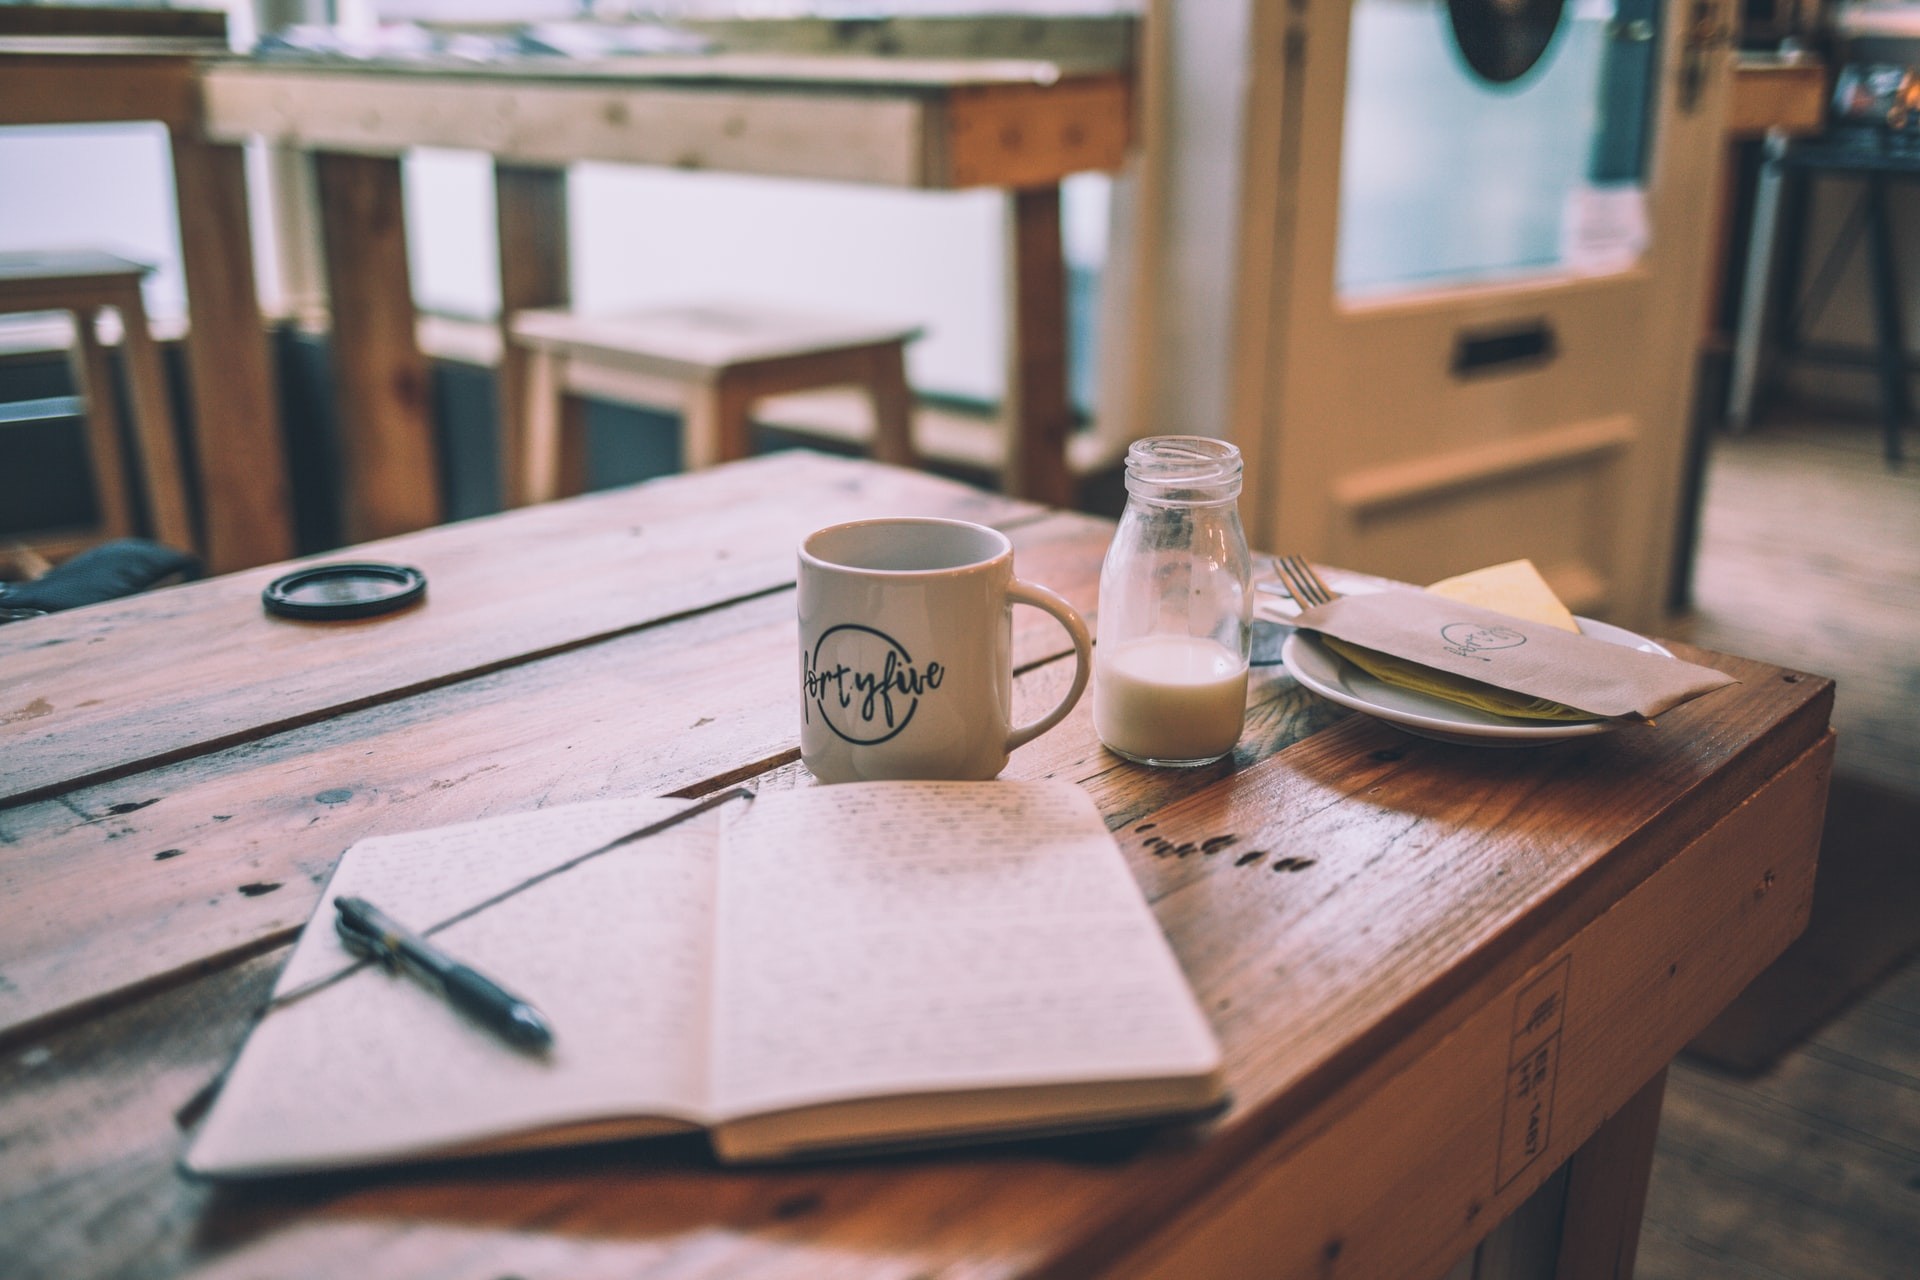 Journal, coffee mug and plate on a cafe table as part of a teacher self-care routine.
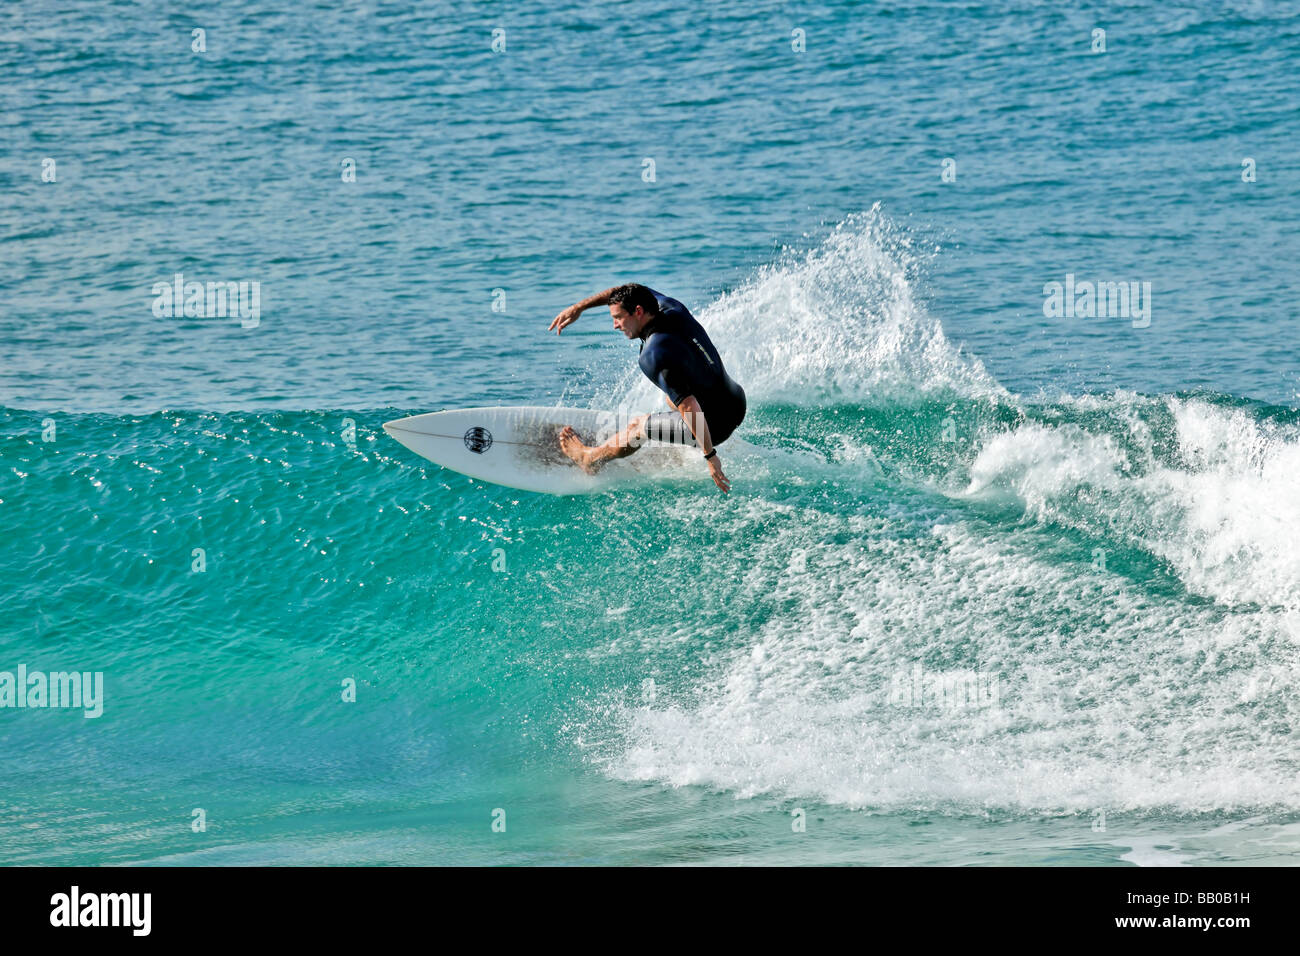 Male surfer on a surfboard catches a wave Stock Photo
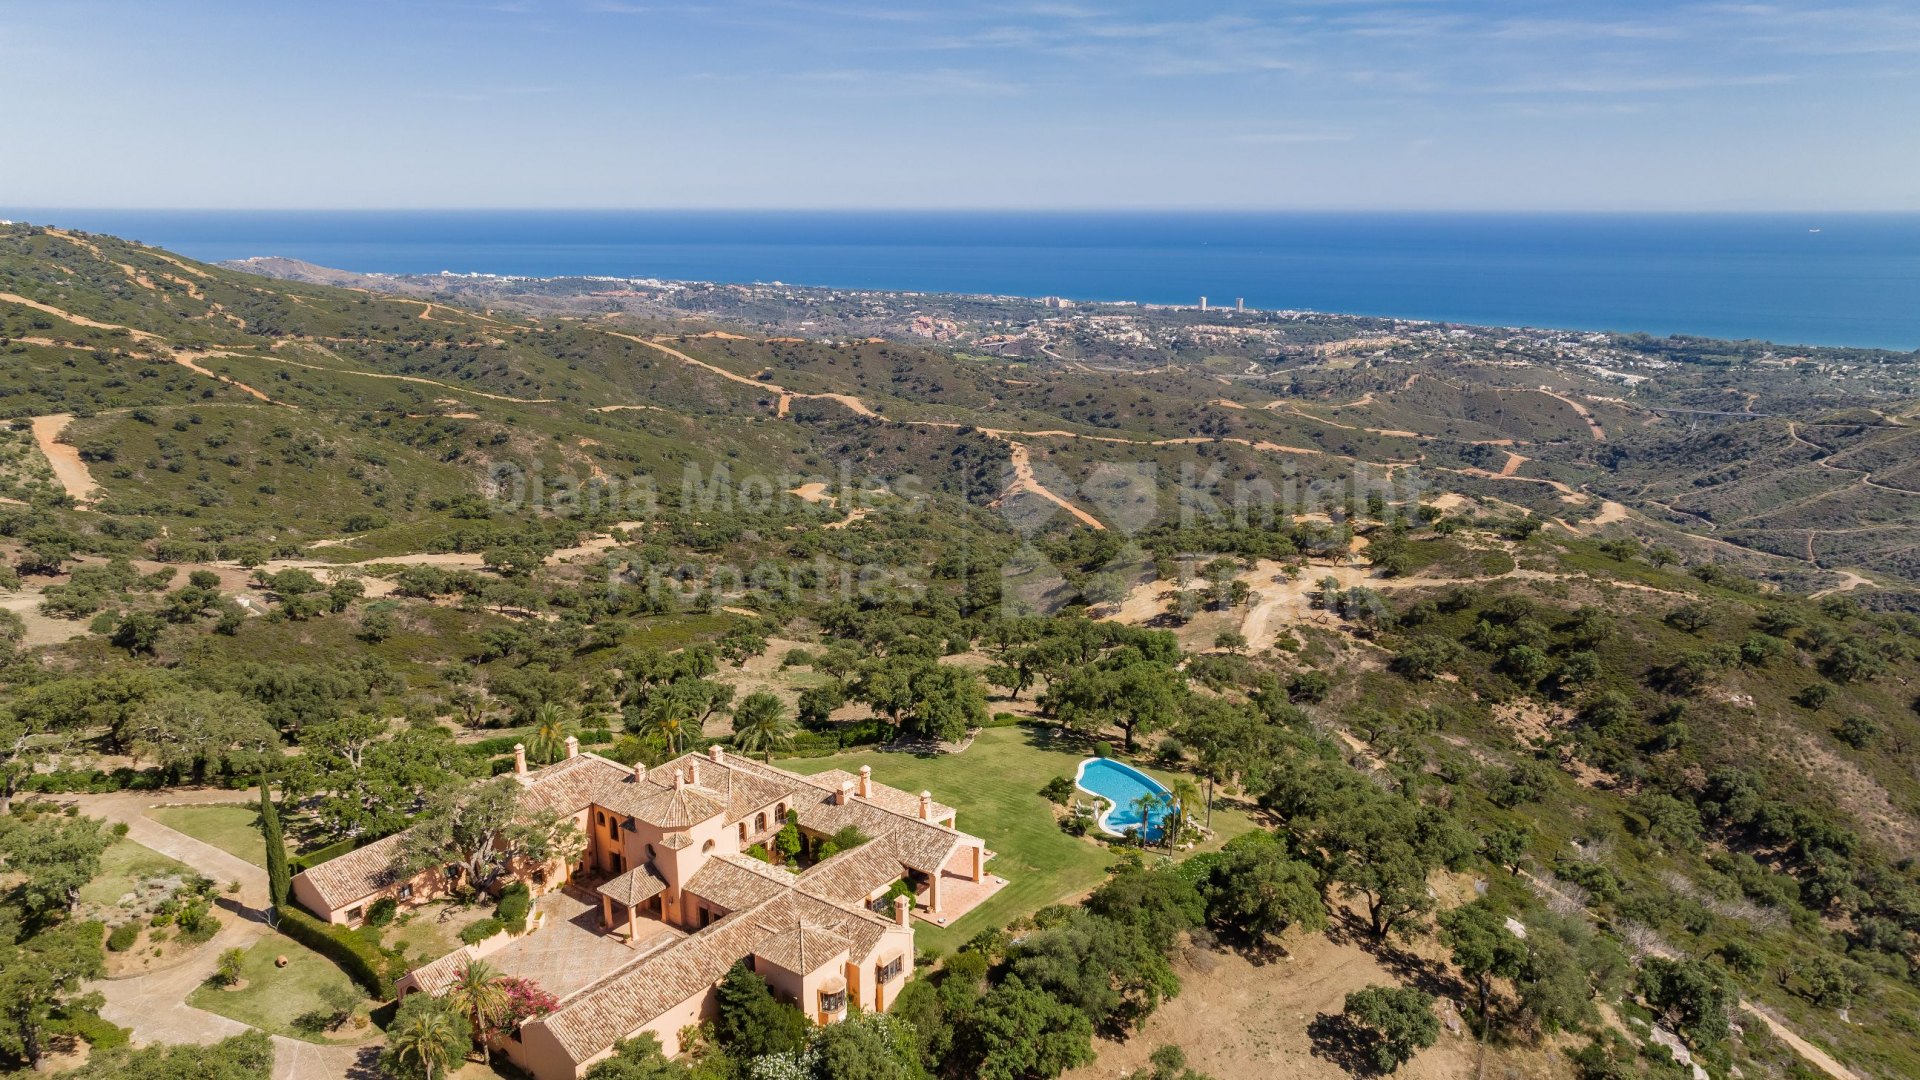 La Mairena, Classical style villa with breathtaking views on large plot
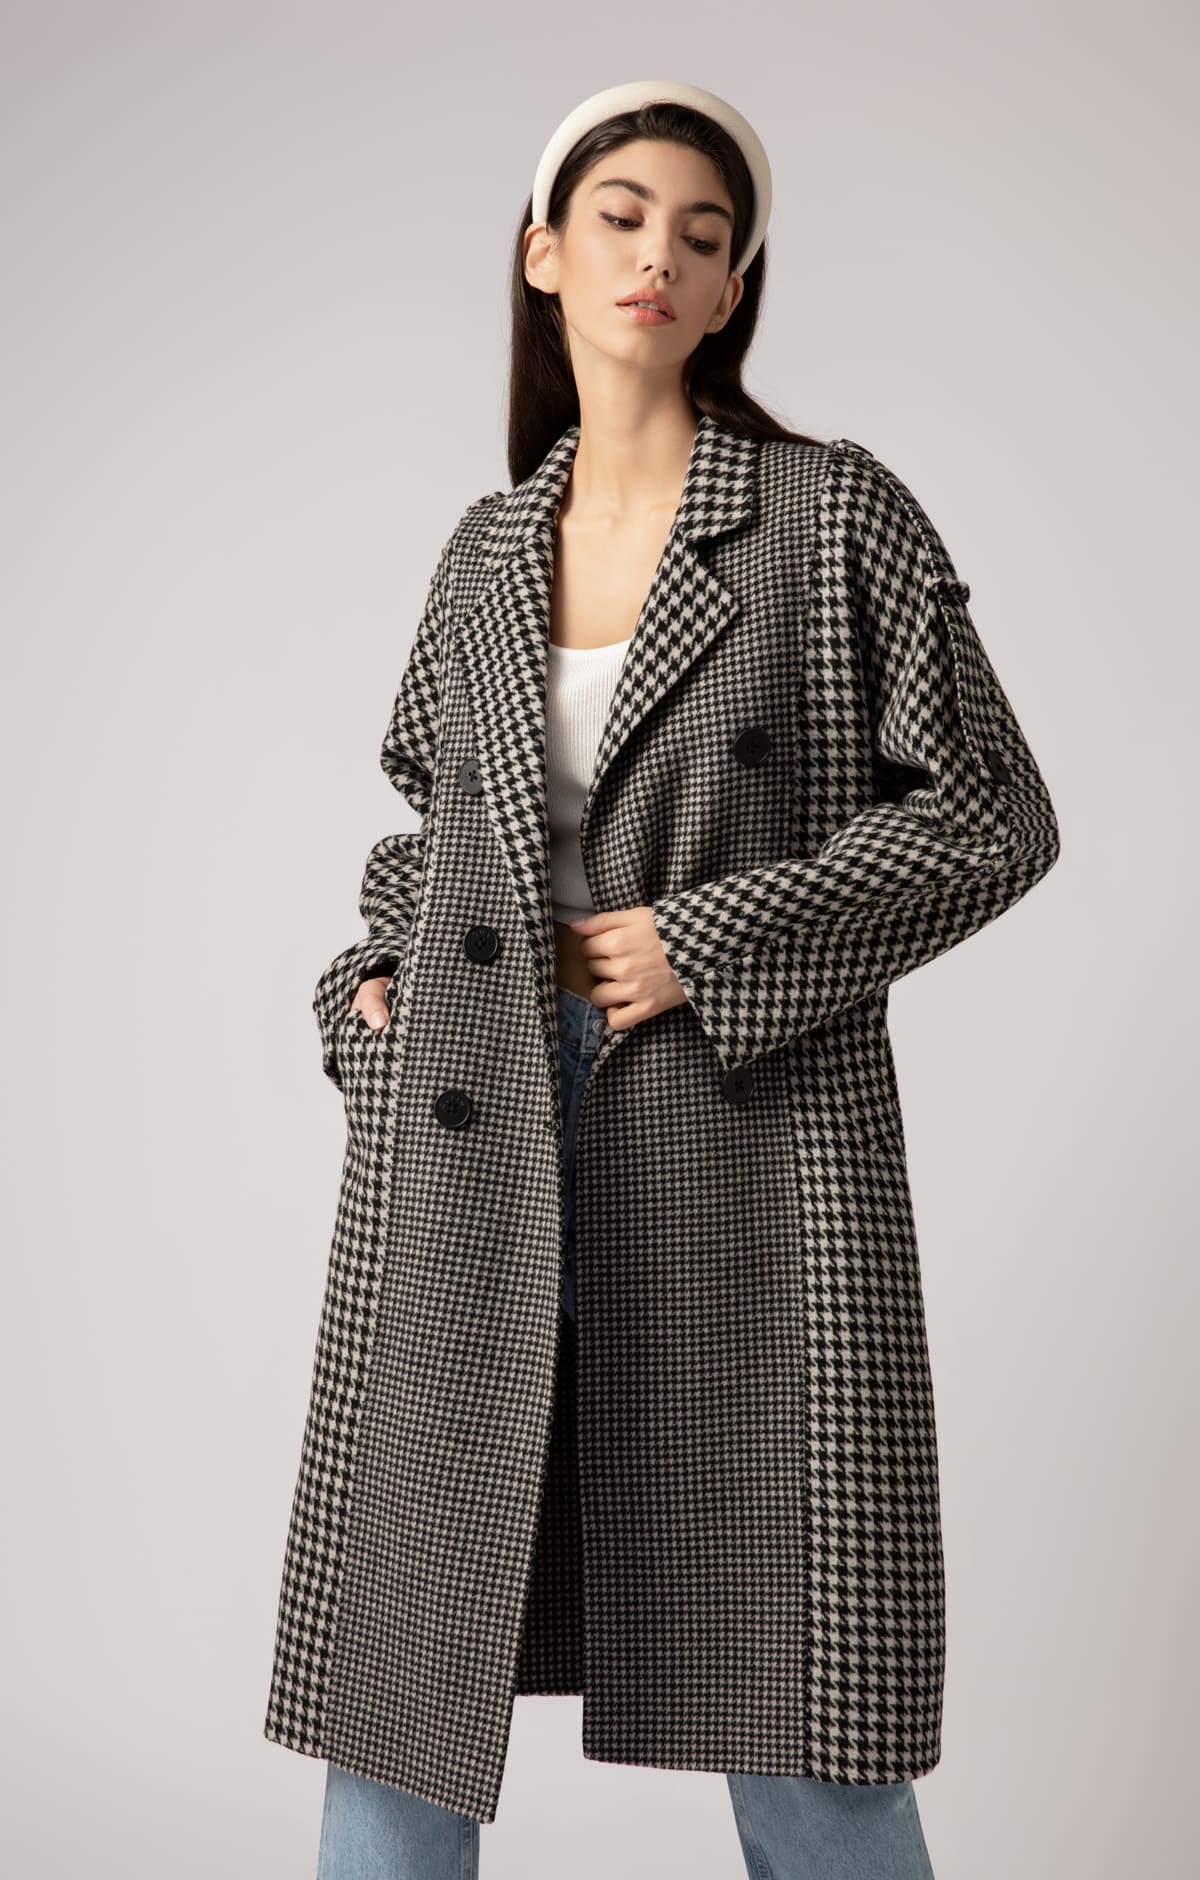 Stepan - Black and White Patchwork Coat - By Quaint
----
→ ASSIGNMENT: Copy everything in the listing above exactly except the pictures.

→ EXERCISE RESULT:
 Journal, coffee mug and plate on a cafe table as part of a teacher self-care routine.
 Male surfer on a surfboard catches a wave Stock Photo
 La Mairena, Classical style villa with breathtaking views on large plot
 Stepan - Black and White Patchwork Coat - By Quaint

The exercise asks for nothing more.